I just never knew it would happen before I was a grown man.

I never in all my daydreams imagined that the fire I was so enthralled with would be my salvation, and turn me into what I am today.

It was a quiet night, and I was ten years old.

The sounds of mom’s latest fuck boy drilling her into the bed on the other side of the wall from my room were silent.

It was so peaceful that I could hear the rats behind the plaster, scurrying around, looking for food, starving as I was.

The only thing I could smell was the acidic odor of her black tar burning in the old metal spoon she kept in her bra like a fucking treasure.

Why she heated it before shoving it in her veins was weird and beyond me, but whatever.

She was fucking weird, at least she became that way after the drugs fried her last living brain cell.

As I drifted off to sleep, my stomach grumbling from days without anything in it except my own spit, the serenity of the night was broken.

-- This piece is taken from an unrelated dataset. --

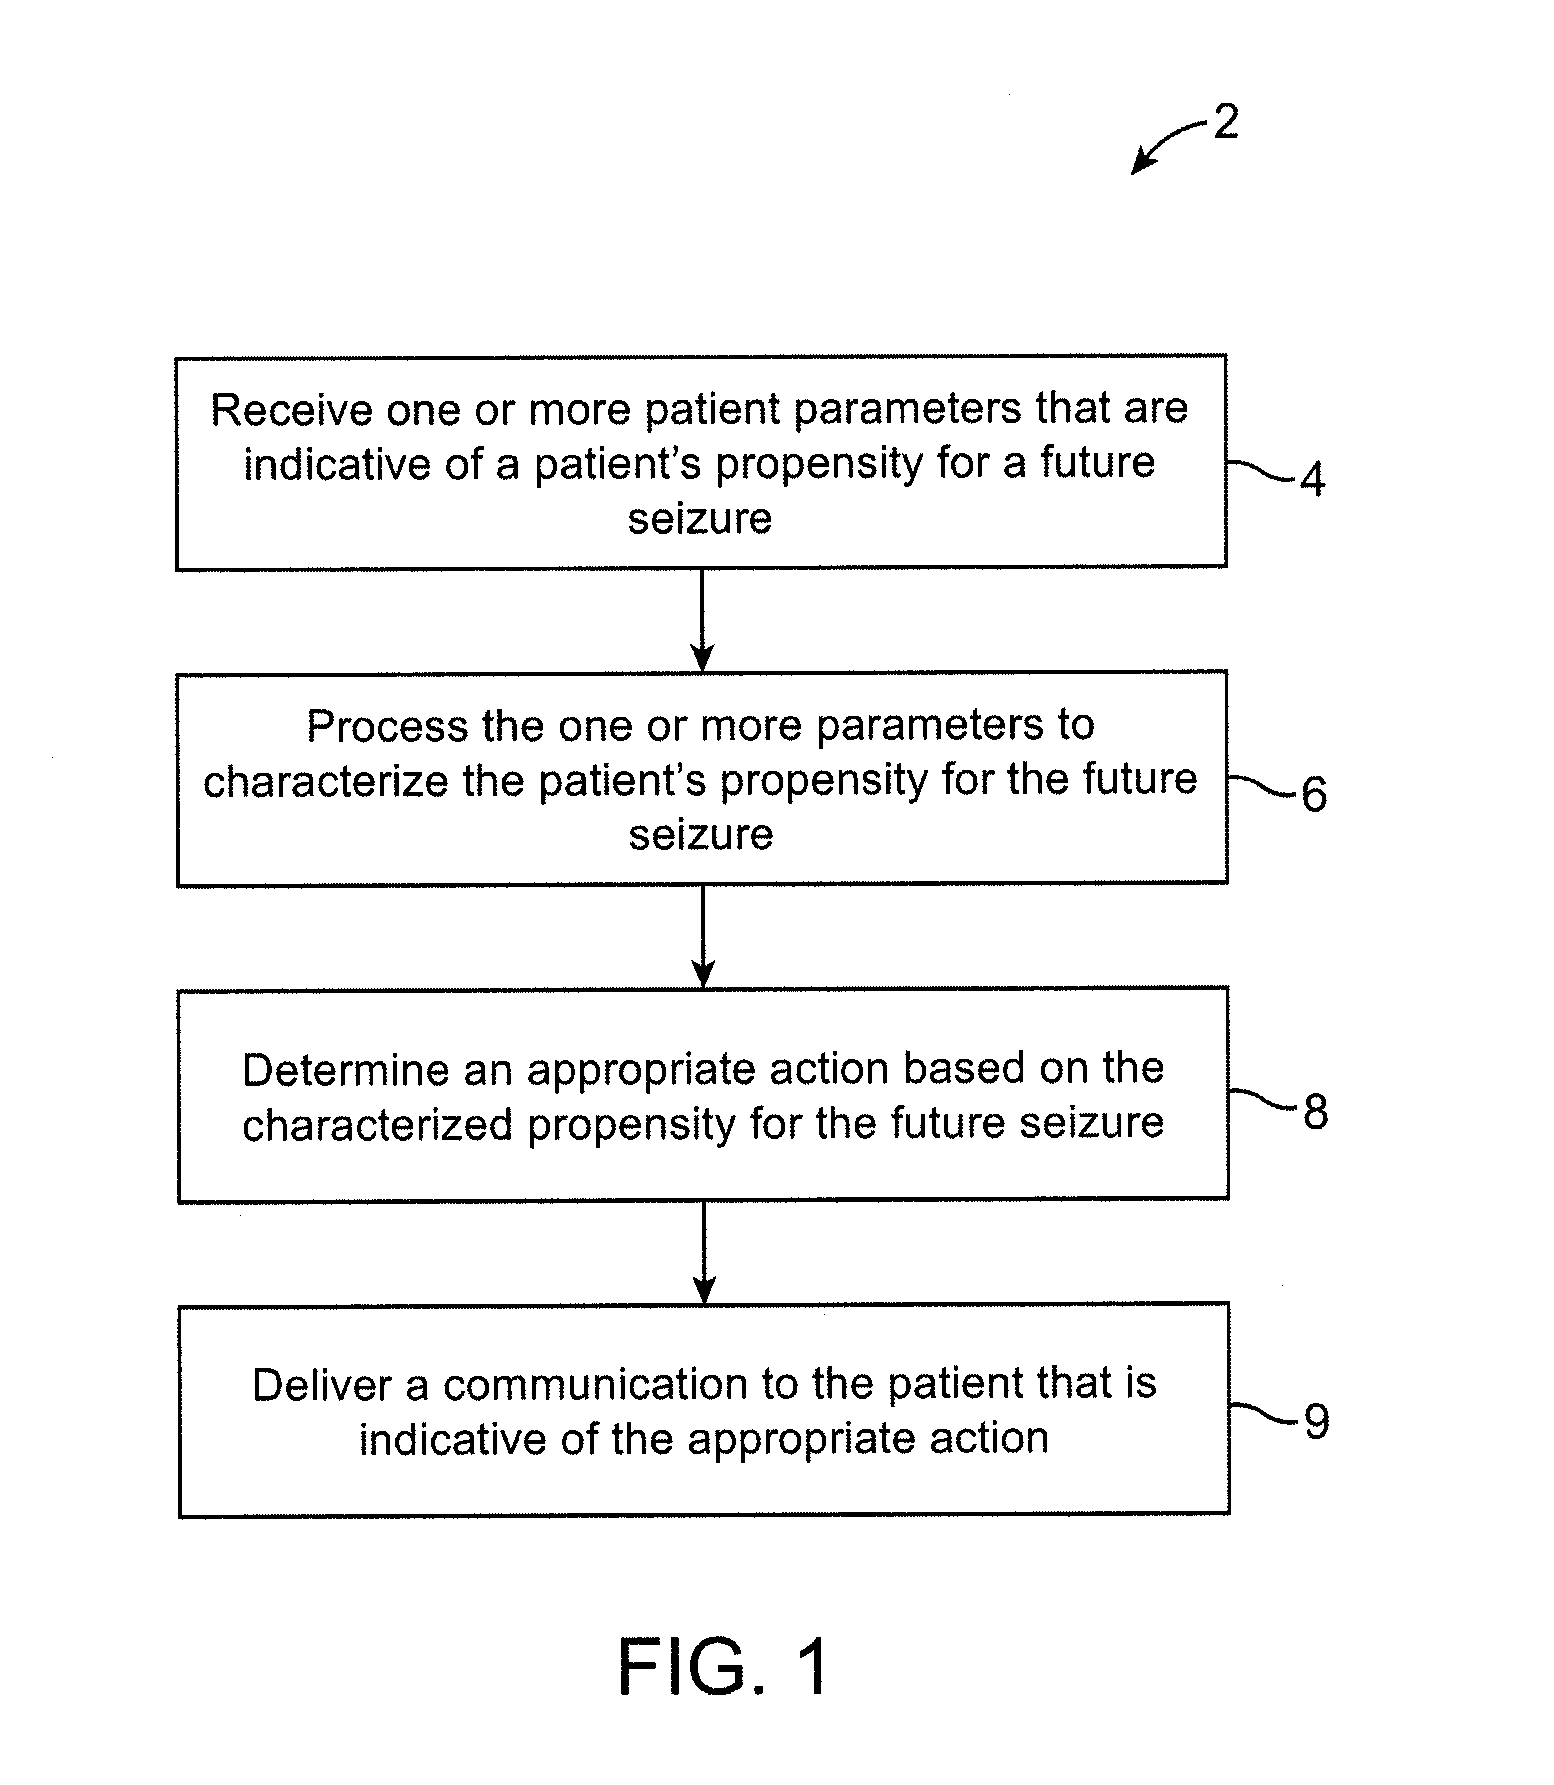 Methods and systems for administering an appropriate pharmacological treatment to a patient for managing epilepsy and other neurological disorders

The scent in my nostrils of sizzling heroin turned deeper, hotter, and thicker.

It was smoke.

Black smoke wafted in under my closed door, then sucked itself back out, like a snake’s tongue flicking in and out of its mouth, tasting the air.

My old bed creaked as I climbed off it, my little bare feet feeling the unusual warmth of the wooden floor under them as I slowly walked to the door and reached out for the knob.

It was hot to the touch, and it burned my hand, yet I still tried to turn it, finding it locked, as always.

All those fantasies of people burning alive, and that’s how I’m going to die.

“Well, come on and take me!”

I screamed at the smoke as it puffed in and out at my toes, heating the knob more, creaking against the door.

The screeching of the sirens pulling up outside were nothing compared to the sounds of the fire trying to bust down my door.

It hissed and screamed as the wood turned black and bowed inwards.

I backed away from it on instinct, but it did nothing to protect me when the barrier broke away and the flames flew in.

“No!”

The one pained and panicked word from me was all I got out before the large man in a yellow suit with a mask on his face burst into the room and grabbed me.

With a shattering of the lead glass, he busted out the window behind me with an axe and threw us from the empty hole in the wall to the hard sidewalk below as he shouted to me.

“I’ve got you little man.”

The fire licked me that night, it tasted me, and in the process, it passed its evil to me. I haven’t been the same since.